URL: https://hg.openjdk.java.net/jdk/jdk13/rev/6521aec1c26e User: valeriep Date: 2019-07-11 20:12:18 +0000

Before RSASSA-PSS support is added, i.e. JDK-8146293, all signature parameters are ignored (not set). Thus EC signatures with signature parameters are handled in the same way as ones without signature parameters. After RSASSA-PSS support, non-null signature parameters are passed down to provider impls. This cause the breakage in two ways: 1) the parameter processing code in utility class only recognize RSASSA-PSS parameters 2) SunEC provider only accepts null signature parameters

X9.62 allows algorithm parameters for ECDSA signatures, but RFC5758 https://tools.ietf.org/html/rfc5758 uses null parameters for ECDSA algorithm identifier. In order for the submitted test case to work: 1) Current impl of SignatureUtil can only handle PSS parameter for RSASSA-PSS signatures and needs to be enhanced to handle EC parameters for ECDSA signatures. 2) ECDSA signature impl in SunEC provider should accept non-null EC parameters.
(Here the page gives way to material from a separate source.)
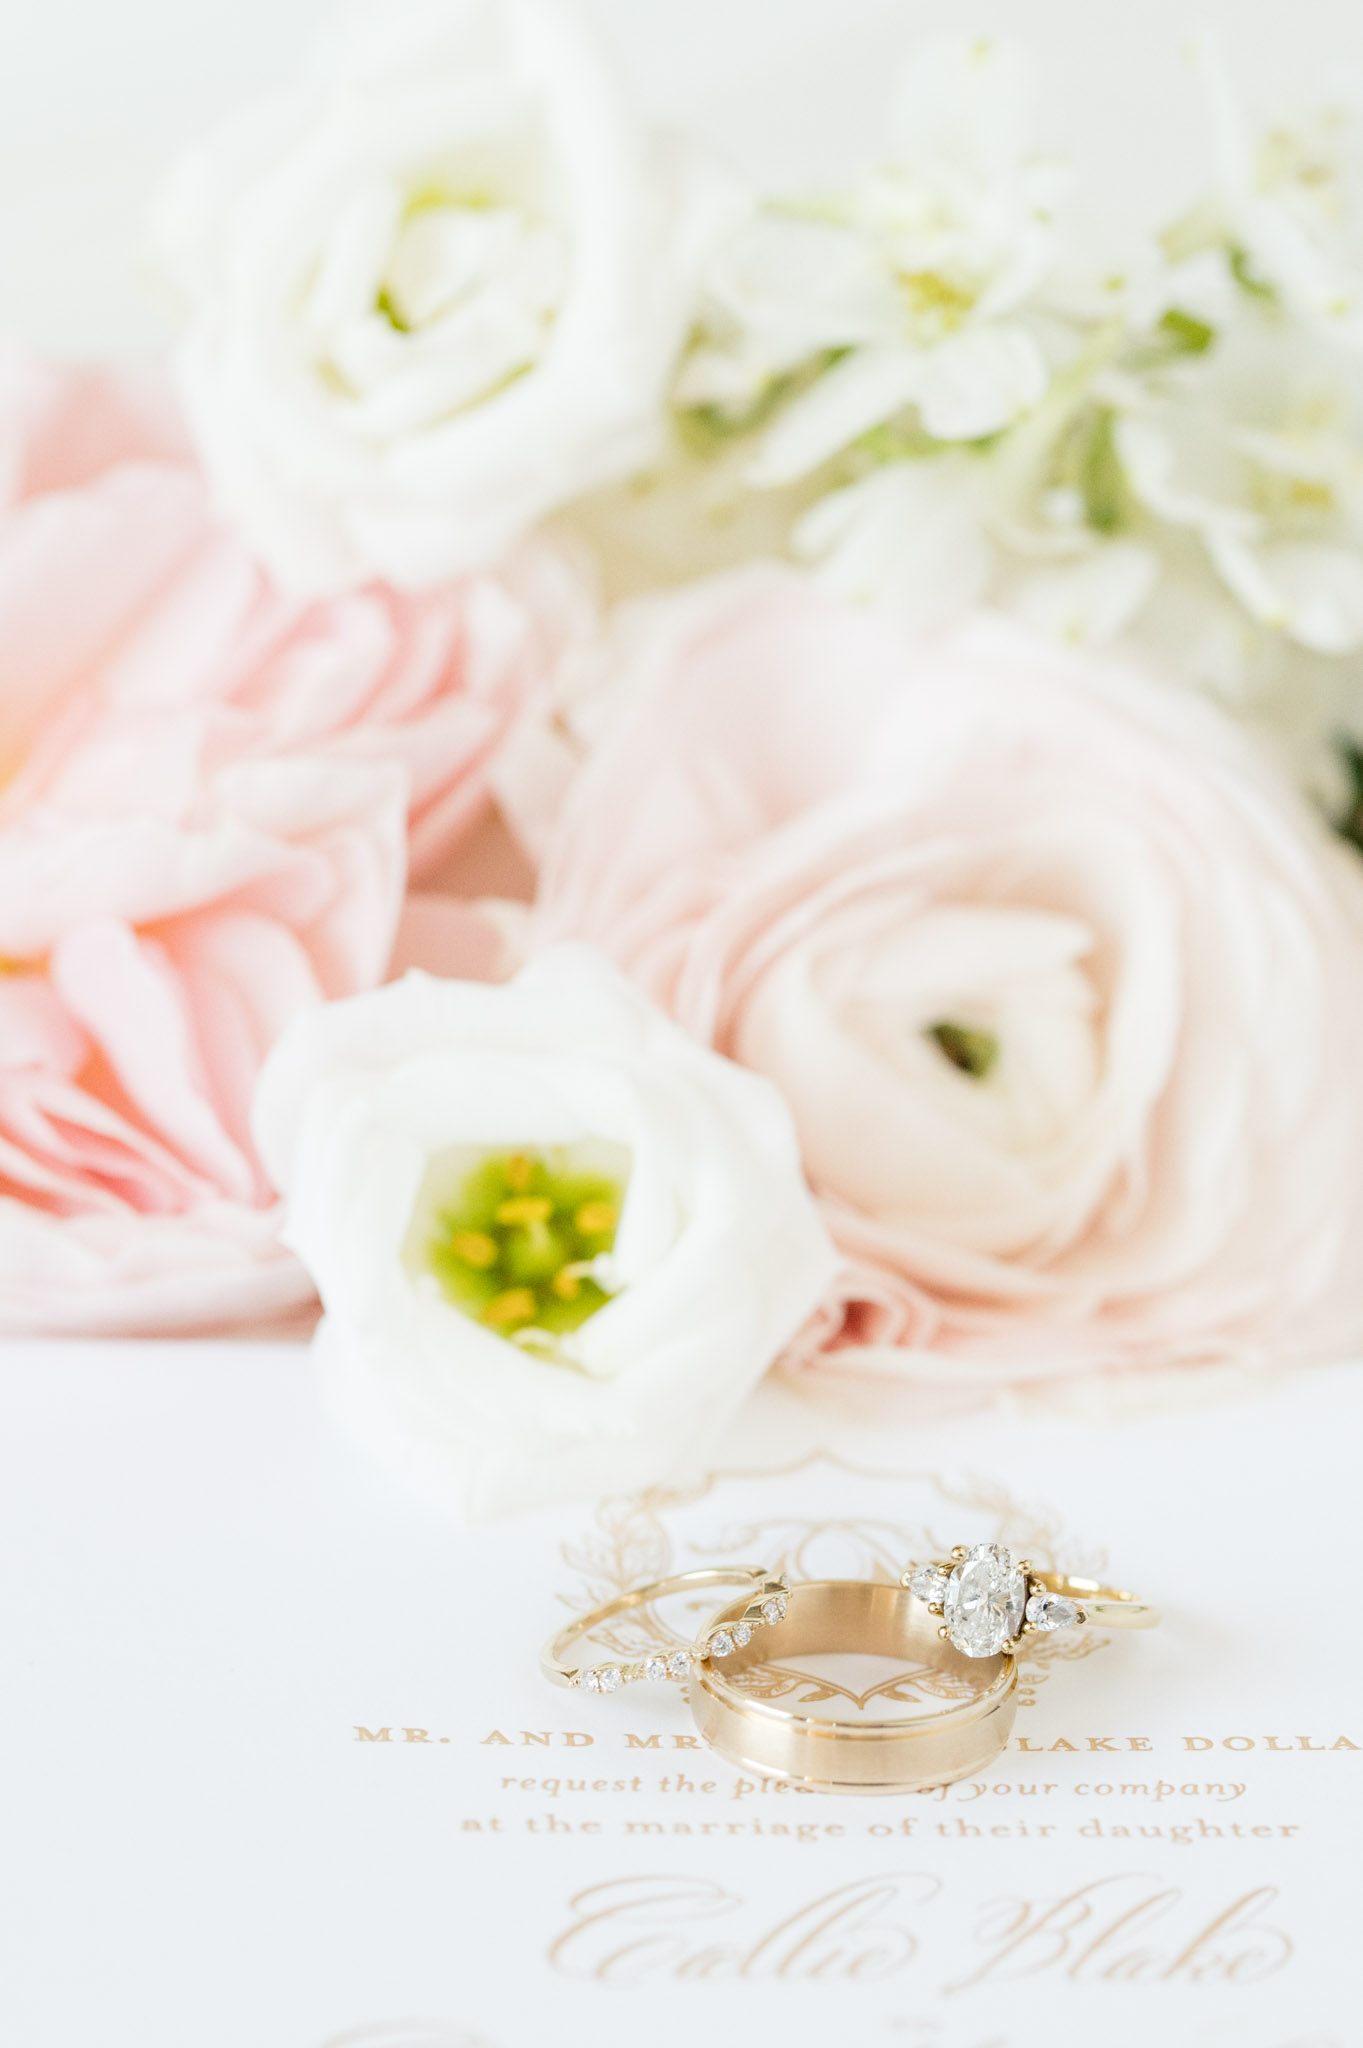 Wedding rings sit with flowers.

The certificate signature contains ECParameters indicating which curve is used (oid). But the Signature impl from SunEC provider does not take any parameters. There appears to be a disconnect or inconsistency and should be fixed.
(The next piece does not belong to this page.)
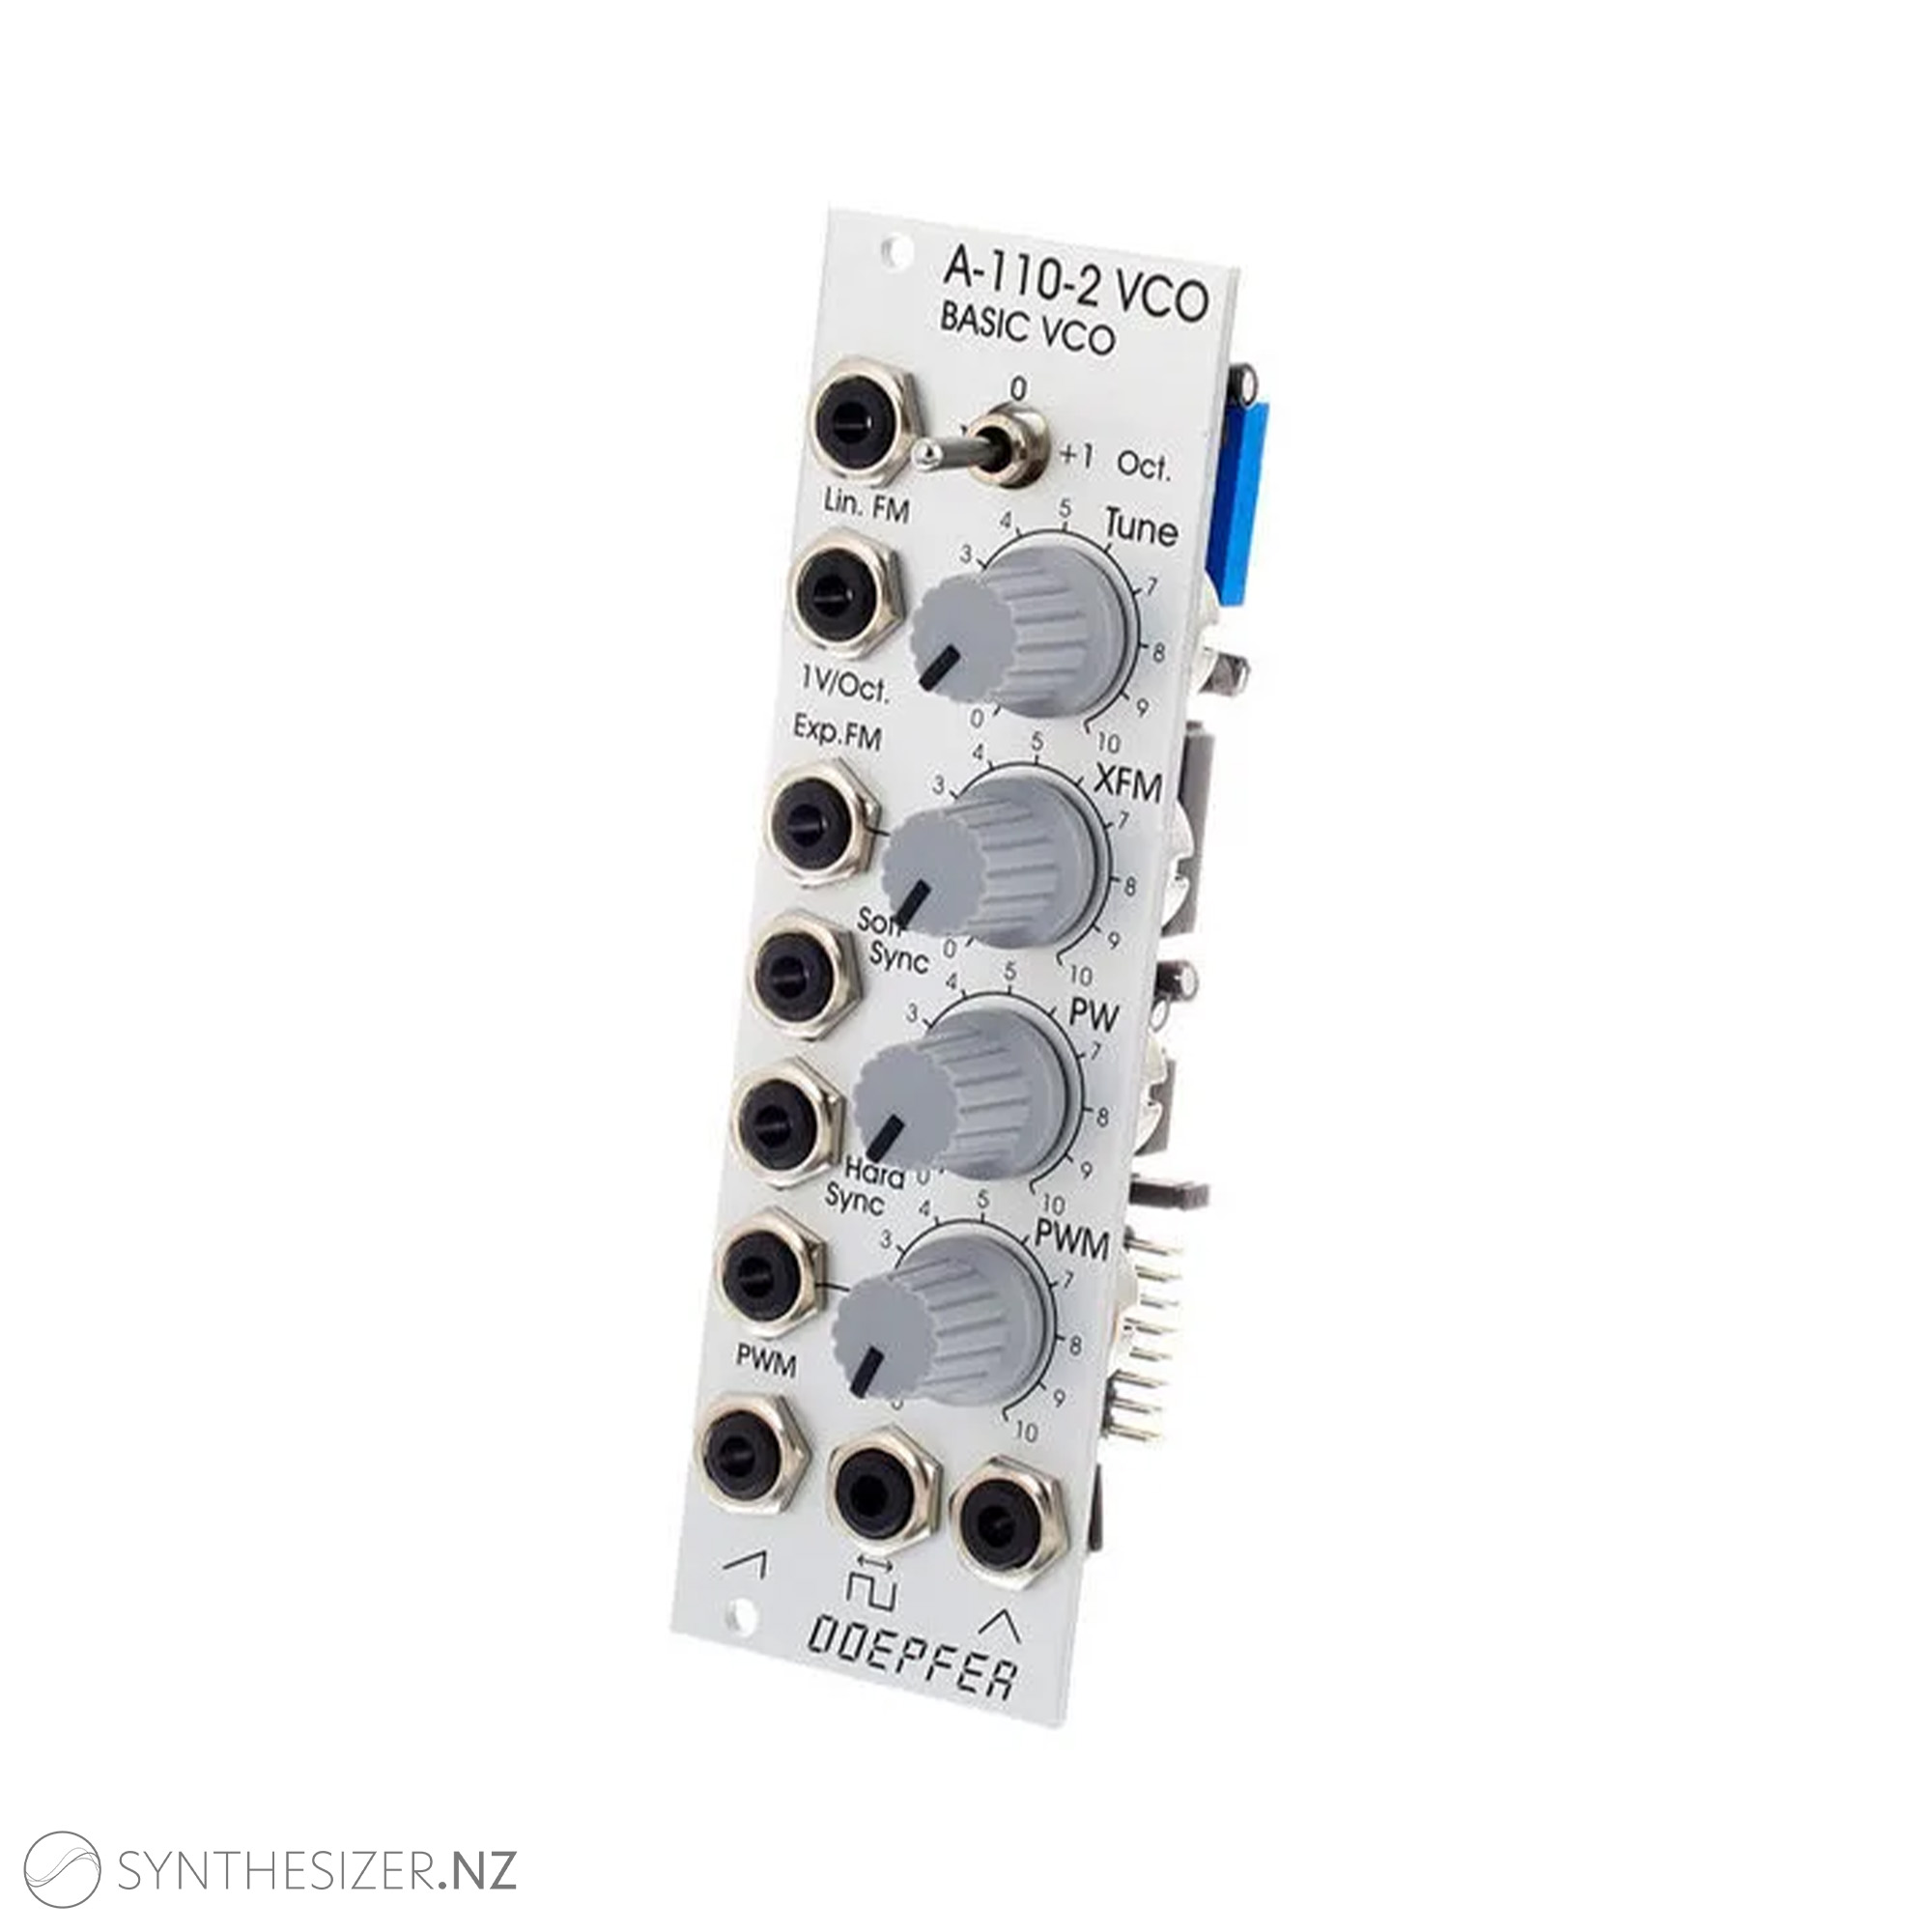 Doepfer A-110-2 VCO a cheap and simple oscillator for your

The current ECDSA signature impl of SunEC provider does not support setting ECParameter and errors out if non-null parameter is specified. Thus we may have to update SunEC provider as well.

The suggested patch is not entirely correct. For ECDSA, the signature algorithm parameter is the oid for EC curve and should not be ignored/discarded. The SignatureUtil class should be fixed to handle ECDSA signatures when there is parameter present.